In a first example, we return to the simple change-point model of the coal-mining data set and perform to fits of the change-point: first, we specify no hyper-prior for the time step of our change-point, assuming equal probability for each year in our data set. Second, we define a Normal distribution around the year 1920 with a (rather unrealistic) standard deviation of 5 years as the hyper-prior using a SymPy random variable. For both fits, we plot the change-point distribution to show the differences induced by the different priors:


In [5]:
print 'Fit with flat hyper-prior:'
S = bl.ChangepointStudy()
S.loadExampleData()

L = bl.om.Poisson('accident_rate', bl.oint(0, 6, 1000))
T = bl.tm.ChangePoint('tChange', 'all')

S.set(L, T)
S.fit()

plt.figure(figsize=(8,4))
S.plot('tChange', facecolor='g', alpha=0.7)
plt.xlim([1870, 1930])
plt.show()
print('-----\n')
                      
print 'Fit with custom normal prior:'
T = bl.tm.ChangePoint('tChange', 'all', prior=sympy.stats.Normal('norm', 1920, 5))
S.set(T)
S.fit()

plt.figure(figsize=(8,4))
S.plot('tChange', facecolor='g', alpha=0.7)
plt.xlim([1870, 1930]);


Fit with flat hyper-prior:
+ Created new study.
  --> Hyper-study
  --> Change-point analysis
+ Successfully imported example data.
+ Observation model: Poisson. Parameter(s): ['accident_rate']
+ Transition model: Change-point. Hyper-Parameter(s): ['tChange']
+ Detected 1 change-point(s) in transition model: ['tChange']
+ Set hyper-prior(s): ['uniform']
+ Started new fit.
    + 109 analyses to run.

    + Computed average posterior sequence
    + Computed hyper-parameter distribution
    + Log10-evidence of average model: -75.71555
    + Computed local evidence of average model
    + Computed mean parameter values.
+ Finished fit.
-----

Fit with custom normal prior:
+ Transition model: Change-point.
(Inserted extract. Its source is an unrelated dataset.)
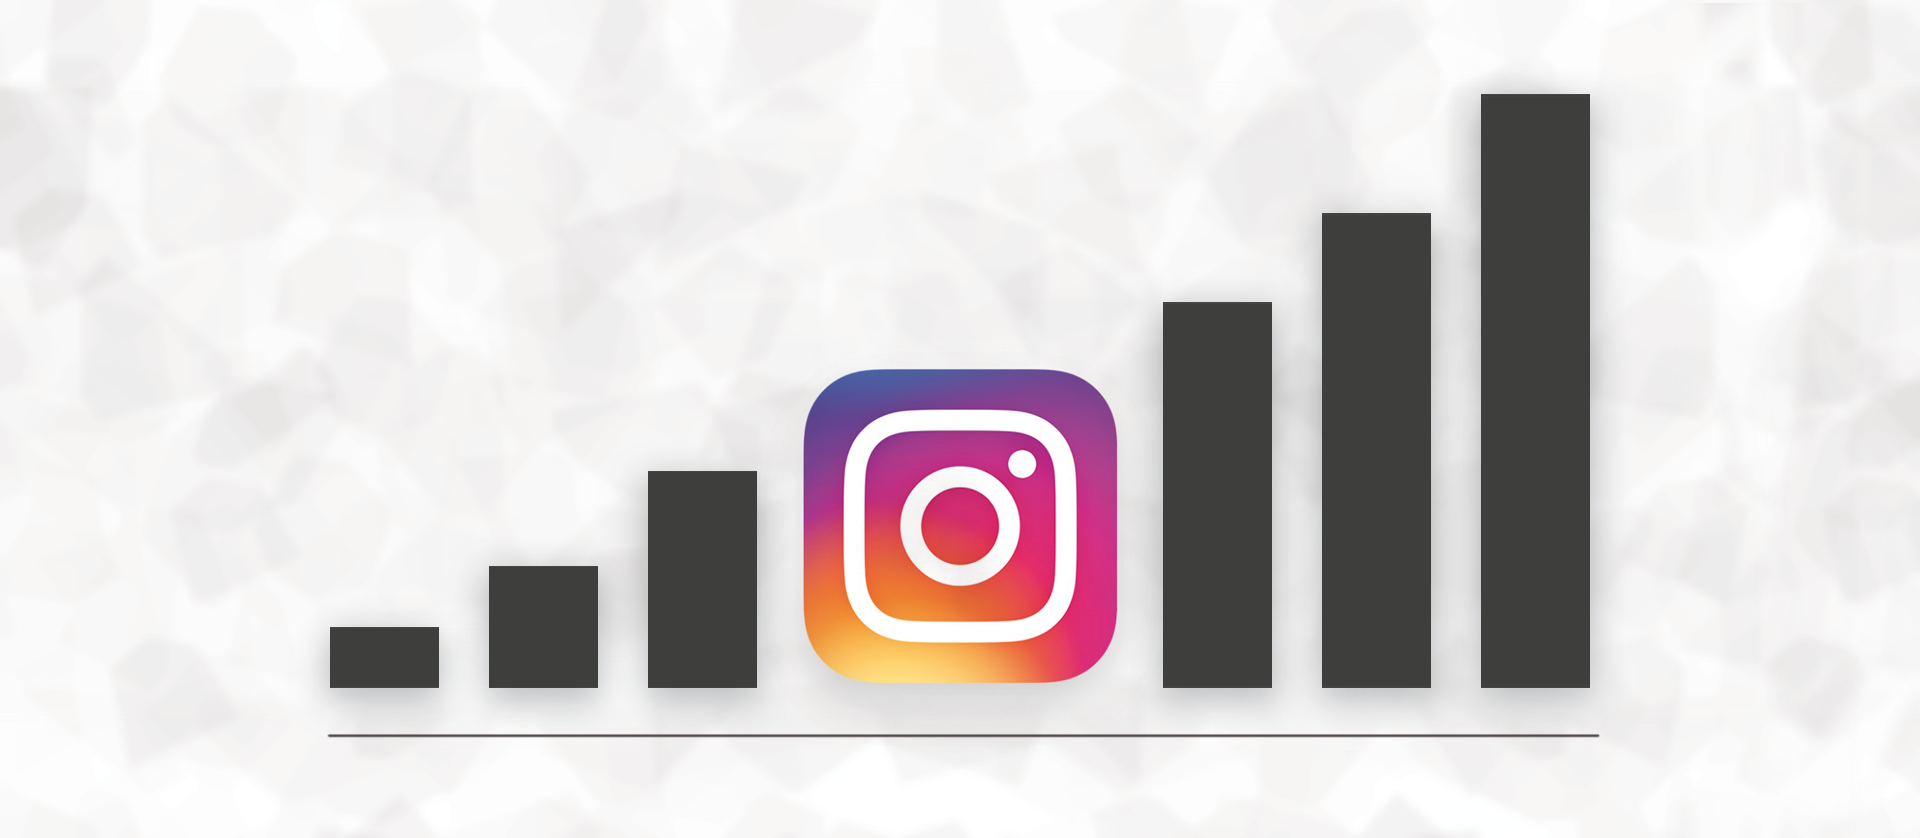 My open source Instagram bot got me 2,500 real followers ... - 1920 x 838 png 473kB

Hyper-Parameter(s): ['tChange']
+ Detected 1 change-point(s) in transition model: ['tChange']
+ Set hyper-prior(s): ['sqrt(2)*exp(-(x - 1920)**2/50)/(10*sqrt(pi))']
+ Started new fit.
    + 109 analyses to run.

    + Computed average posterior sequence
    + Computed hyper-parameter distribution
    + Log10-evidence of average model: -80.50692
    + Computed local evidence of average model
    + Computed mean parameter values.
+ Finished fit.

Since we used a quite narrow prior (containing a lot of information) in the second case, the resulting distribution is strongly shifted towards the prior. The following example revisits the two break-point-model from here and a linear decrease with a varying slope as a hyper-parameter. Here, we define a Gaussian prior for the slope hyper-parameter, which is centered around the value -0.2 with a standard deviation of 0.4, via a lambda-function. For simplification, we set the break-points to fixed years.


In [6]:
S = bl.HyperStudy()
S.loadExampleData()

L = bl.om.Poisson('accident_rate', bl.oint(0, 6, 1000))
T = bl.tm.SerialTransitionModel(bl.tm.Static(),
                                bl.tm.BreakPoint('t_1', 1880),
                                bl.tm.Deterministic(lambda t, slope=np.linspace(-2.0, 0.0, 30): t*slope, 
                                                    target='accident_rate',
                                                    prior=lambda slope: np.exp(-0.5*((slope + 0.2)/(2*0.4))**2)/0.4),
                                bl.tm.BreakPoint('t_2', 1900),
                                bl.tm.Static()
                                )

S.set(L, T)
S.fit()


+ Created new study.
  --> Hyper-study
+ Successfully imported example data.
+ Observation model: Poisson. Parameter(s): ['accident_rate']
+ Transition model: Serial transition model. Hyper-Parameter(s): ['slope', 't_1', 't_2']
+ Set hyper-prior(s): ['<lambda> (re-normalized)', 'uniform', 'uniform']
+ Started new fit.
    + 30 analyses to run.

    + Computed average posterior sequence
    + Computed hyper-parameter distribution
    + Log10-evidence of average model: -74.84129
    + Computed local evidence of average model
    + Computed mean parameter values.
+ Finished fit.

Finally, note that you can mix SymPy- and function-based hyper-priors for nested transition models.